Final answer:
Between any two real numbers, there is at least one rational number. This is proven by the density property of the rational numbers and constructing a rational number as a fraction of integers where the denominator is chosen to be greater than the reciprocal of the difference between the two real numbers.
Step-by-step explanation:
To prove that between any two real numbers there is a rational number, we'll use the properties of real numbers and the density of rational numbers in the real number line. Consider any two distinct real numbers, a and b, where a<b.

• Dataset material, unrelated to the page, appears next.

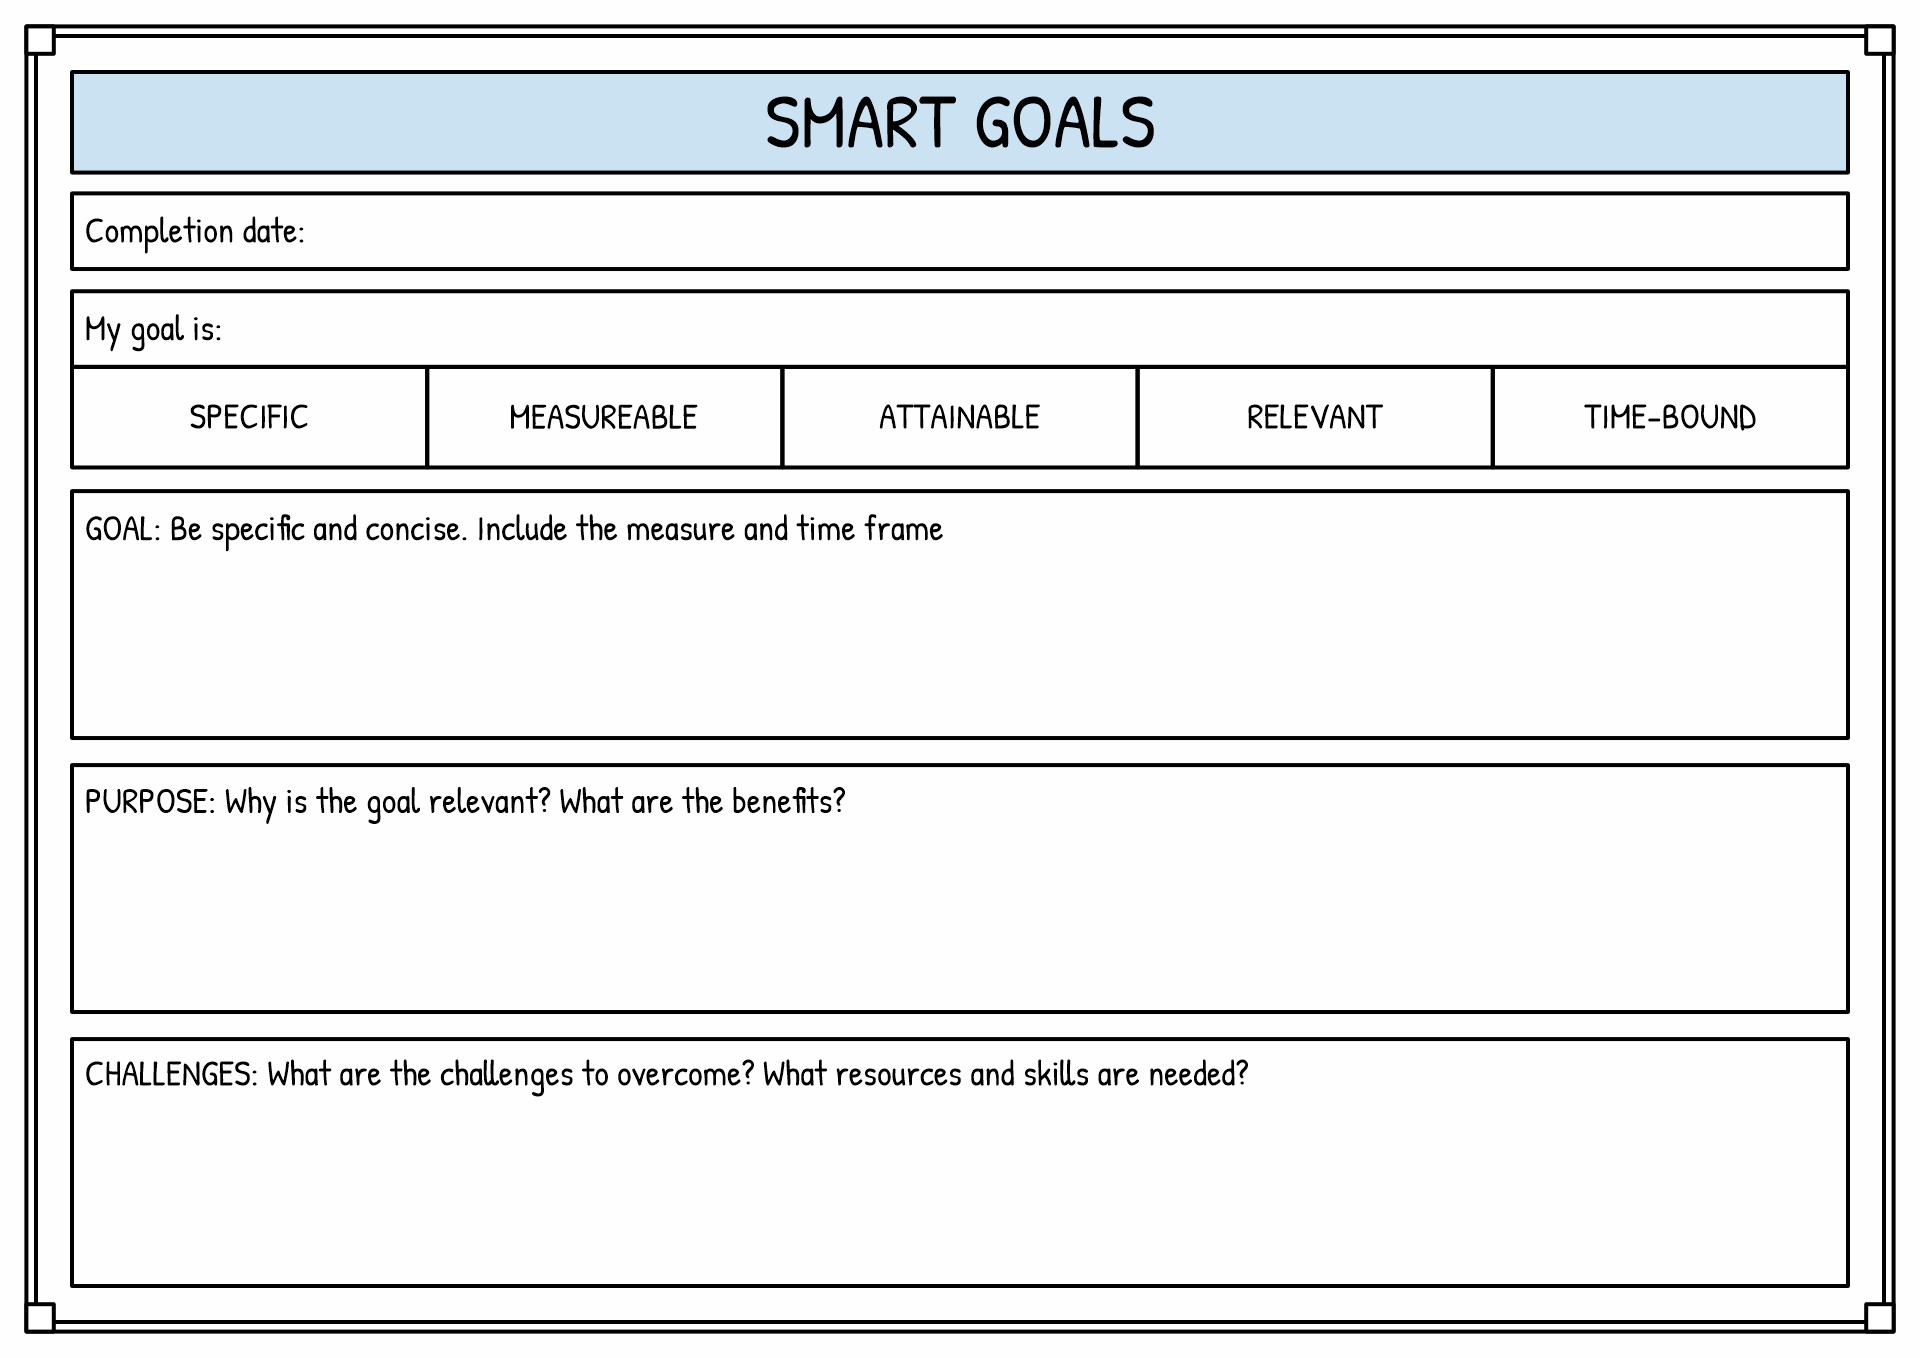 Goal Setting Worksheet Template

Our goal is to find a rational number q such that a<q<b.
By definition, a rational number is a number that can be expressed as the ratio of two integers, that is, q = m/n where m and n are integers and n ≠ 0. The set of rational numbers is dense, which implies that between any two real numbers, no matter how close they are to each other, there exists at least one rational number.
Let's construct our rational number. Consider the interval between a and b, and let n be an integer greater than 1/(b-a). Such an integer n always exists because we can always find an integer larger than any given real number. Now, consider the integers that are multiples of 1/n. These are the numbers 0, 1/n, 2/n, 3/n, .... Since a<b and 1/n < b-a, there exists some integer k such that a < k/n < b. Thus, q = k/n is the rational number that lies between a and b.
To verify the correctness of this method, let's take an example. If a = 2.3 and b = 2.4, we choose n greater than 1/(0.1), so n > 10. Picking n = 11 for simplicity, we find that the integer k satisfying 2.3 < k/11 < 2.4 is k = 26, because 26/11 = 2.3636..., thus proving our method works.